2021 posted a further 33 percent decline in the topline of WTL. Consequently, direct cost and operating post also deflated. Other expense magnified by 26 percent in 2021 due to impairment of long-term investment, loss on disposal on inventory and higher provisioning for expected credit losses on trade debts. Other income posted a rather gloomy picture as it slid by 53 percent year-on-year in 2021 on account of lesser write offs during the year. EBITDA of WTL which had been positive in the earlier years under consideration turned into a loss of Rs90.15 million in 2021. Depreciation and amortization also grew by 13 percent in 2021 while finance cost gave some breather as it fell by 43 percent year-on-year in 2021. Yet the net loss magnified by over 900 percent in 2021 to clock in at Rs1506.36 million with a loss per share of Rs0.51.
In 2022, the topline showed signs of recovery as it grew by 9 percent on the back of long distance & international (LDI) with broadband segment providing added support. Direct cost grew by 6 percent in 2022 while operating cost slightly lowered as the company didn’t book provisions for advances to suppliers. Other expense also buttressed the EBITDA as loss on the disposal of inventory and impairment loss on long-term investment incurred last year were not there in 2022. Other income, however, didn’t support due to lesser reversals of provisions and lesser write-offs in 2022. EBITDA entered the positive zone in 2022, however, with a skimpy EBITDA margin of 5 percent. While depreciation and amortization almost stayed intact in 2022, finance cost grew by 25 percent, shoving the bottomline into loss zone.

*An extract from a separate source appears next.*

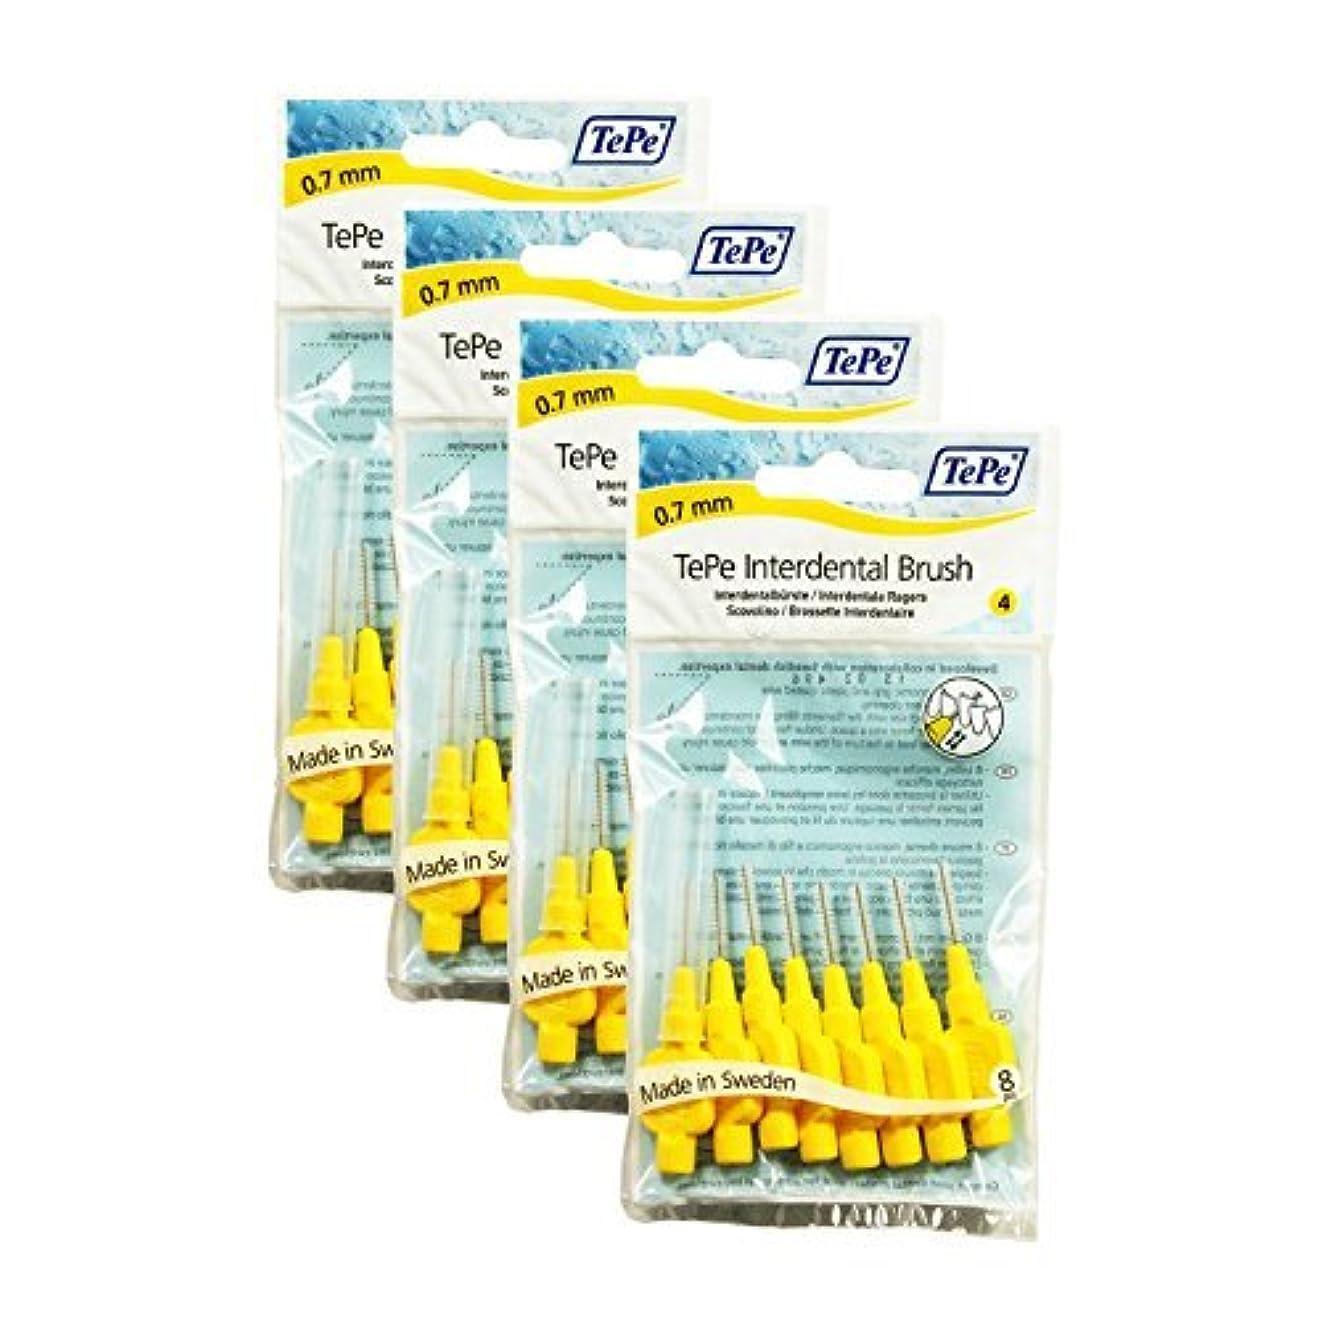 私たち自身同等の債務Tepe Interdental Brushes Yellow 0.7mm - One month supply - 32 Brushes by TePe

WTL reported a net loss of Rs.1384.98 million in 2022, 8 percent lesser than last year’s mark. Loss per share moved down by 37 percent in 2022 to clock in at Rs.0.32.
Recent Performance (1QCY23)
WTL’s revenue witnessed an 18 percent year-on-year hike in 1QCY23. Direct cost and operating cost also corresponded with the topline jump. However, record high inflation immensely increased the direct cost as a proportion of revenue from 60.3 percent in 1QCY22 to 87.6 percent in 1QCY23. Other income slid by 59 percent year-on-year while other expense turned out to be favorable and slipped by 23 percent in 1QCY23. Massive rise is direct cost resulted in the loss before interest, depreciation and amortization worth Rs128.45 million in 1QCY23 as against the EBITDA of Rs17.12 million during the same period last year. While depreciation and amortization stayed almost the same, finance cost grew by 19 percent as discount rate underwent upward revisions during the year. The net loss amplified by 40 percent year-on-year in 1QCY23 to clock in at Rs546.16 million with a loss per share of Rs.0.14 as against the loss per share of Rs.0.12 during the same period last year.
Future Outlook
With multiple projects in pipeline such as blockchain deployment, fiber to home deployment in urban areas and strategic alliance with World Mobile Group (WMG), the topline of WTL may show some improvement in the coming times; however, with unabated rise in direct cost as well as finance cost, the margins and bottomline have a depressing outlook.